PK Naresh Kumar, an IT professional, who has been at the Marina Beach since 7 p.m. yesterday, said two ministers, D. Jayakumar from the Fisheries Department and Education and Youth Welfare Minister MaFoi Pandiarajan, held a meeting with 10 representatives. “But we could not come to a consensus as we wanted the Chief Minister's intervention,” Kumar said. He is participating along with three of his friends.

Today, the crowd on the beach had crossed the 10,000-mark with many college and school students participating in the protest. Nirmala, a Class 11 student, has come with her mother to join the protest. Shakthi and her friends from an engineering college in Chennai are also participating in the protest. “Around 600 hundred students from our college are participating. There are over 400 on the way from the Arts and Science departments,” Shakti added.

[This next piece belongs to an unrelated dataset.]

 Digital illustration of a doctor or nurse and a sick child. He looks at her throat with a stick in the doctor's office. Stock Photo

It is not just youngsters who are raising their voices. People like S Kumar, G Mani and Ponnrangam, who are natives of Madurai and have been rearing bulls for the sport for at least four generations, have joined forces with the students.

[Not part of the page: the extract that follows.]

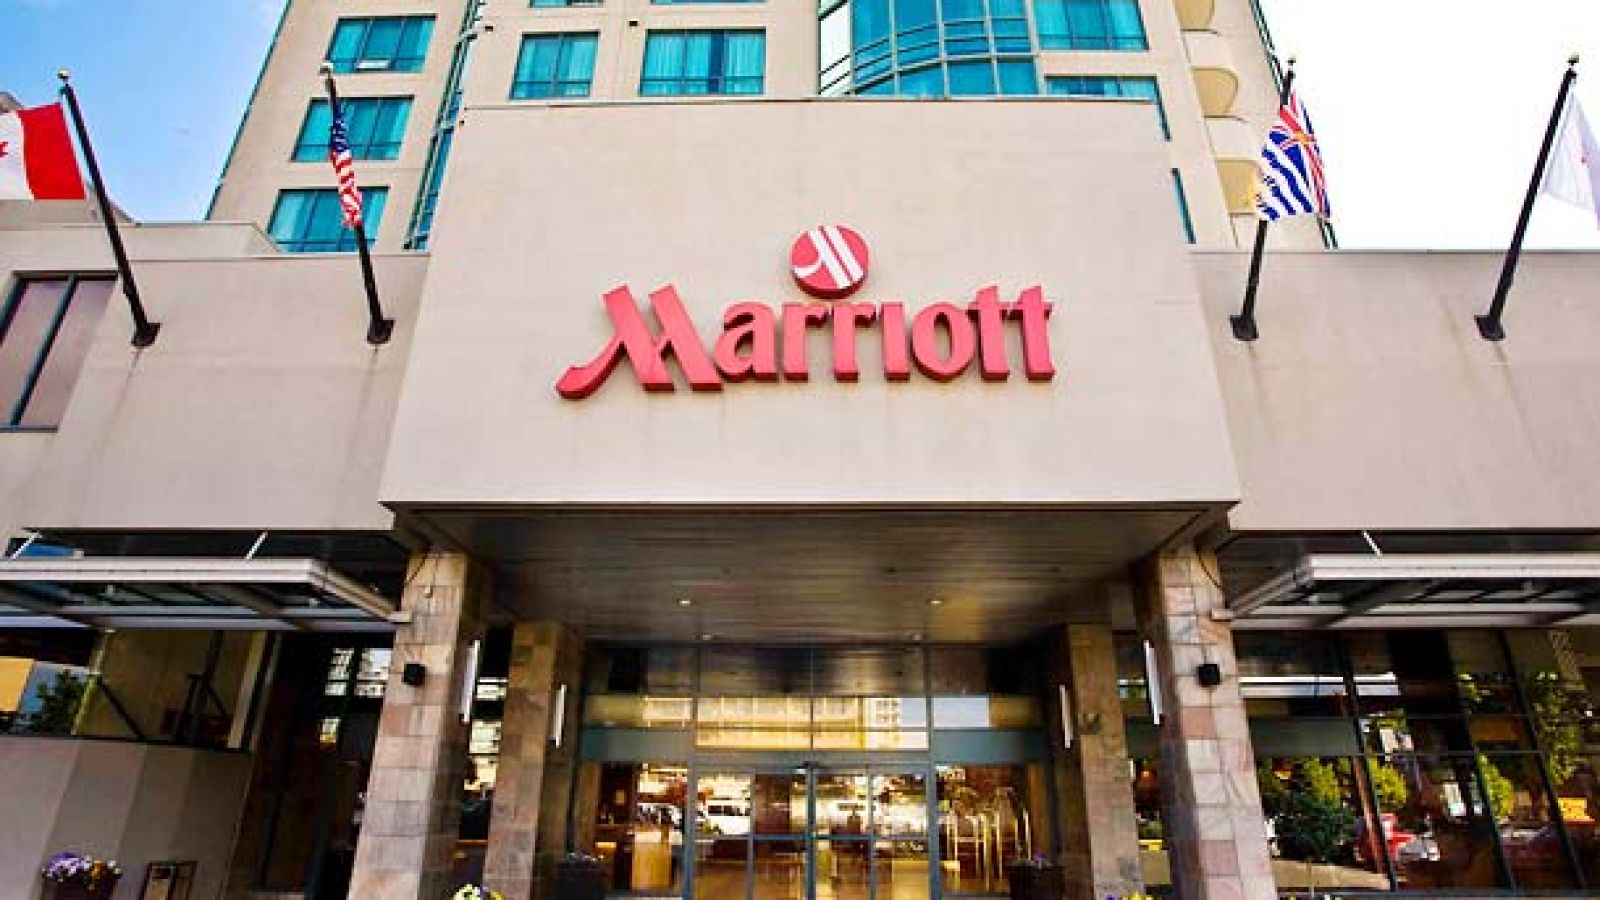 Vancouver Airport Marriott Hotel - Front View

Ponnurangam, who is distributing biscuits to protestors, said, “I have participated in the protest since I was a child and have been rearing bulls with my father. It is in my blood and I consider this a man’s pride. Banning what has been a Tamil tradition for a long time is killing our culture,” he said.

Mani, who works in a private company, grew up participating in the sport. Even now his family rears two bulls. “We use the bull that wins in Jallikattu for breeding to get the best offspring. When you ban, it affects the productivity of native bulls,” he explained.

Kumar, who reminisced about the time he escaped from the bull’s wrath, said, “It is just like any other sport. Risk is always there. But you do not stop playing because of that, right?” Kumar questioned.

“I’m taking personal leave from work and will support Jallikattu as long as it takes,” he added. That is the sentiment that resonates across the Marina Beach.

Refreshment parlours near the beach saw brisk business. K. Pankajam, who runs a small refreshment kiosk, said the shops along the beach had opened earlier than normal. “I wanted to close the shop and join the protest, but these people would want something to drink. So I have kept my shop open, but my college-going son and daughter have joined the protest,” she said.

Jayakumar N, Lenin and Santhosh, who are employers in private organisations, have been supplying water and food to protestors. Jayakumar said, “We did not know each other before. But we are trying our best to support the people by buying water and biscuits with our own money.”

According to one of the police officials deployed at the beach, the number of students joining the protest has been increasing since morning. “At least 500 students from one college are participating. There are over 10,000 now, so you can imagine how many college students have joined,” the official said.

Another official who was deployed to monitor the situation, said around 500 police personnel have been deployed to handle the situation. “But so far youngsters are behaving and not causing trouble for us. They have even been helping us in regulating vehicular traffic and are not causing harm to onlookers,” the official said.

If protesting on the Marina Beach is not enough, similar protests were also organised at Tidelpark, Sholinganallur and Old Mahabalipuram Road in the city, causing traffic congestion.

Protests echo in Coimbatore

It is probably for the first time in many years that Coimbatore has witnessed young volunteers from colleges across the city unite to press for their demand to lift the ban on Jallikattu.

These student-volunteers started their 11-km rally from Codissia Ground at 9 am to reach VOC Park Ground by noon. By then, the park ground was brimming with crowds of students and there was no place to accommodate the late-comers.

Some of them spilt onto the street outside the Nehru Stadium, voicing their protest against the ban. A good number of them refused to entertain questions from the media. They were dressed in black, moved around in cars (with some sitting on the rooftop of cars) and bikes, some were on foot, shouting slogans against the Centre and state.

A cross-section, however, said they would continue their protest till the sport (Jallikattu) is telecast live on TV channels.

On the mammoth turnout, a student who preferred anonymity, said they had coordinated on social media including Facebook, Twitter and WhatsApp, since eight last night.

Meanwhile, all roads leading to VOC Ground were barricaded, resulting in traffic congestion on Avinashi Road and the by-lanes off the main arterial roads here.

Vehicles were not stopped, but could only move at snail's pace.

Police officials remained silent spectators, merely requesting the crowd not to turn violent.

Around 1.15 pm, four techies from an IT company in Keeranatham village, an emerging IT hub, decided to sit outside the tech-park campus to mark their protest against the ban on Jallikattu.

Within an hour, their numbers had swelled to over 1,000, as their colleagues from companies in the vicinity joined to support the cause.